Rádio Amizade

Estas não são playlists como antigamente, gravadas em cassetes saudosas, mas vêm com o mesmo amor e devoção dessas playlists de outrora
Estas não são playlists como antigamente, gravadas em cassetes saudosas, mas vêm com o mesmo amor e devoção dessas playlists de outrora
Uma playlist por Rui Gustavo
Uma playlist? Acho que não me enervava tanto desde o dia em que me estreei aos microfones da Radio Amizade, uma rádio pirata do Alto da Brandoa instalada num prédio clandestino de nove andares sem elevador. Na altura não me apercebi da ironia da situação mas pus na mesma a lição dos AC/DC: “It’s a Long Way to the Top If You Want Rock 'n' Roll”.

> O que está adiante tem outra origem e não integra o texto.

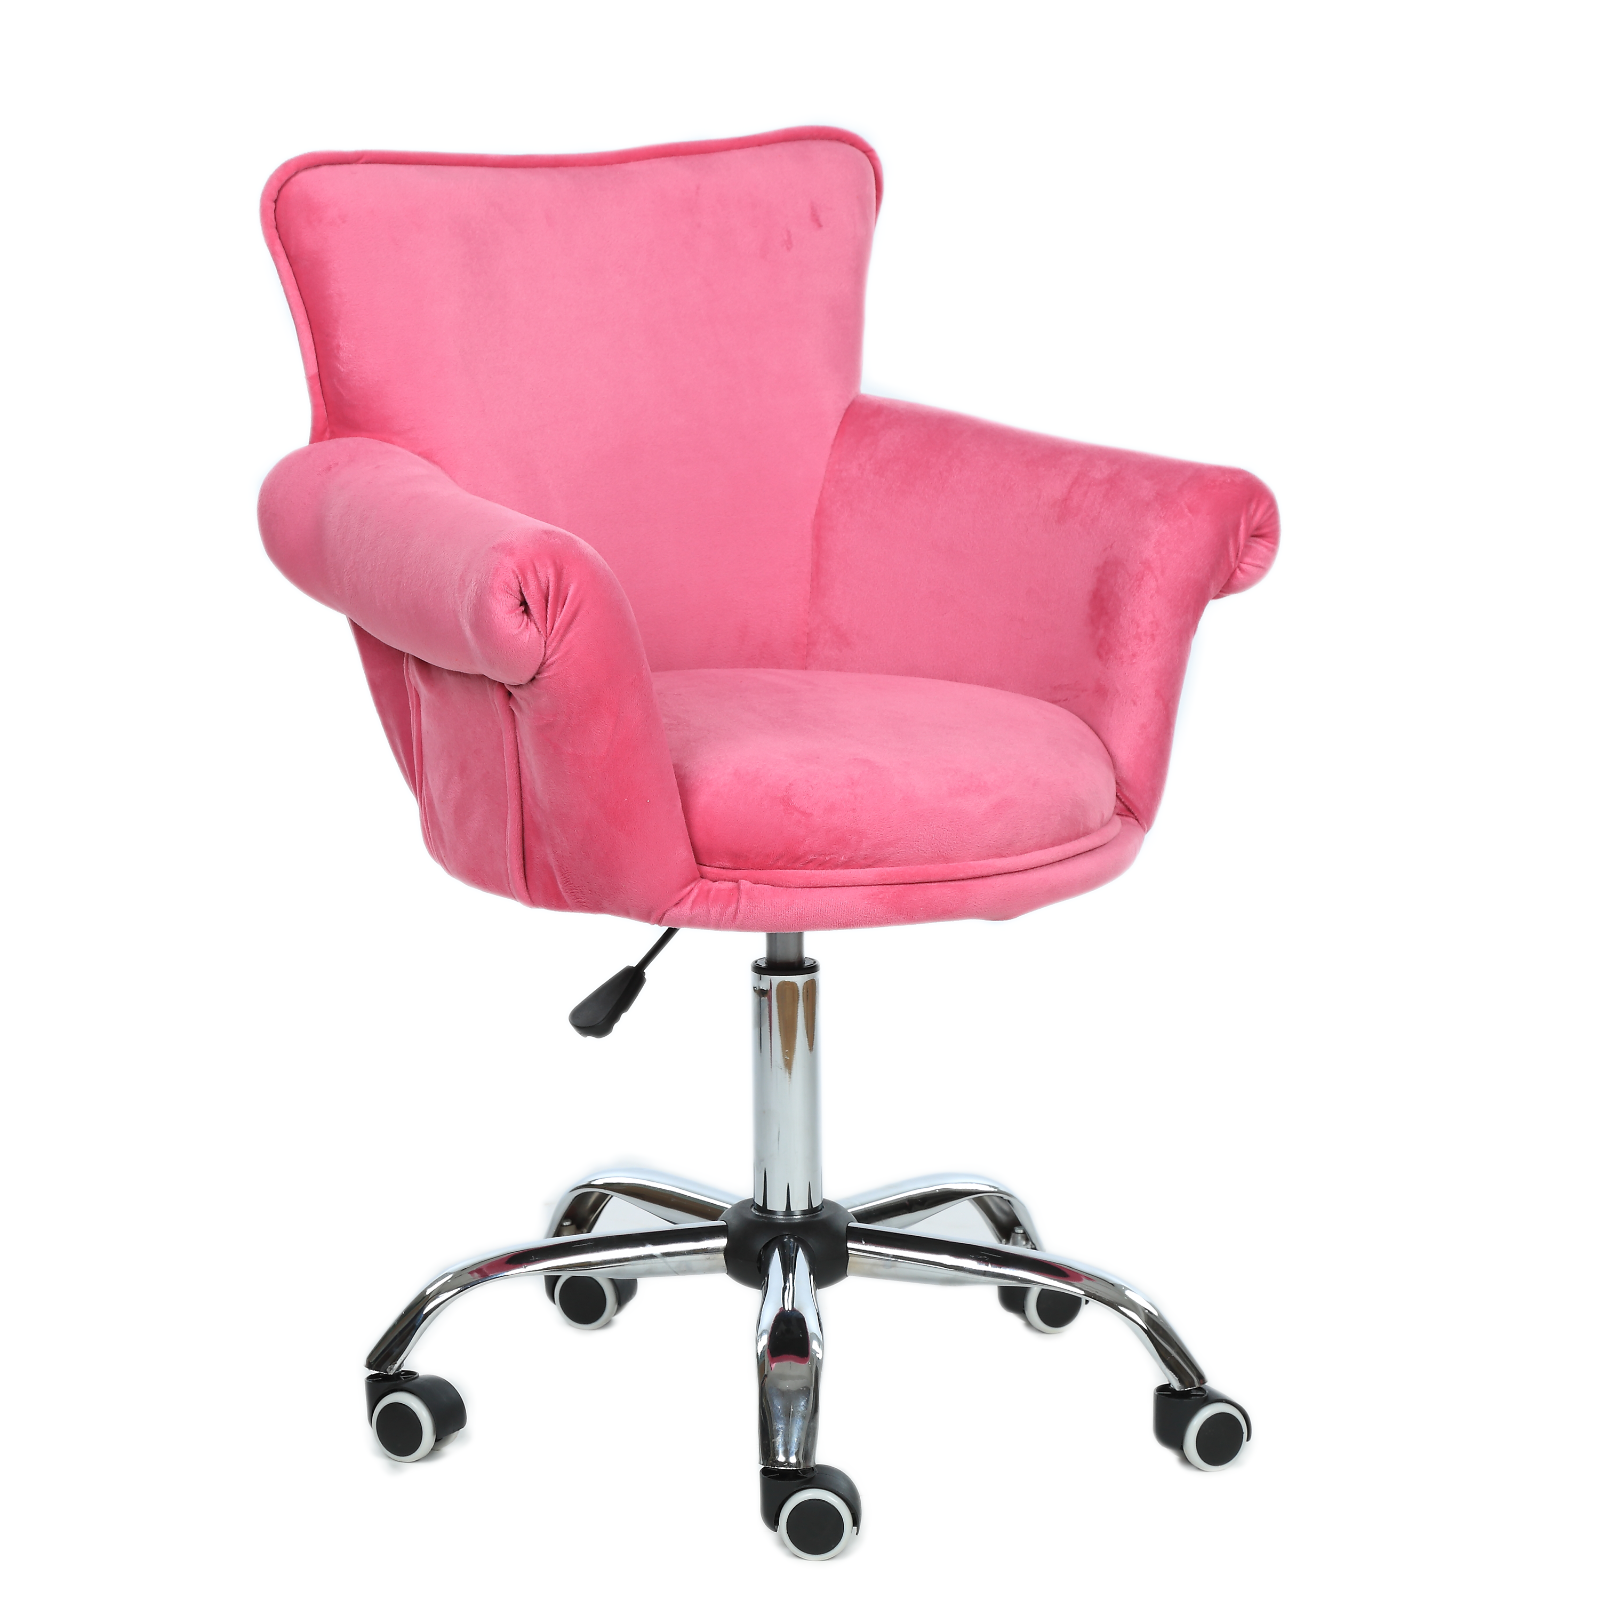 Microfiber Beauty Nail Salon Chair Bar stool Spa Vanity Seat

Apesar do prestígio evidente da rádio nós é que tínhamos de levar os discos - e na altura eu tinha dois: “Thriller”, de Michael Jackson, e “Three Imaginary Boys”, dos Cure.“Wanna Be Starting Something” ensinou-me a única frase que sei dizer em camaronês (mama se mama sa mama coo sa) e não sei porque é que 'Grinding Alt' é das minhas músicas preferidas do Robert Smith. Mas é.

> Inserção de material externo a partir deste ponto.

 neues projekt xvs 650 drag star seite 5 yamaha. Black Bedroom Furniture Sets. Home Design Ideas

O meu pai emprestava uns discos lá de casa e andava na fase Pink Floyd. O alcance da antena limitava-se ao bairro da Brandoa e zonas limítrofes e não tive a reação que esperava à psicadélica “Astronomy Domine”. O único telefonema que recebi foi do diretor a queixar-se da minha pronúncia. Lá convenci o meu pai a comprar um disco dos Smiths e um dia Morrissey perguntou ao vasto auditório da Brandoa “What Difference Does it Make?”.
O programa chamava-se Musicópolis e eu fazia-o a meias com o meu amigo Nelson. Eu passava música boa e ele outras coisas. Era fanático por New Order e aquela batida inicial do “Blue Monday” nunca mais me saiu da cabeça. Só depois de ouvir “At the Indie Disco”, deixei de a odiar.
O bairro era simpático e um dia disseram-me que uns gajos esquisitos sempre vestidos de preto que andavam por lá eram os Moonspell e que haviam de conquistar o mundo. Não pude evitar um sorriso descrente mas poucos anos depois “Opium” passava em rádios a sério, a Amizade acabou e nunca mais ninguém quis saber do meu requintado gosto musical. Só o meu amor, “Maçã de Junho”. E ninguém deitou uma “Lacrimosa” por isso.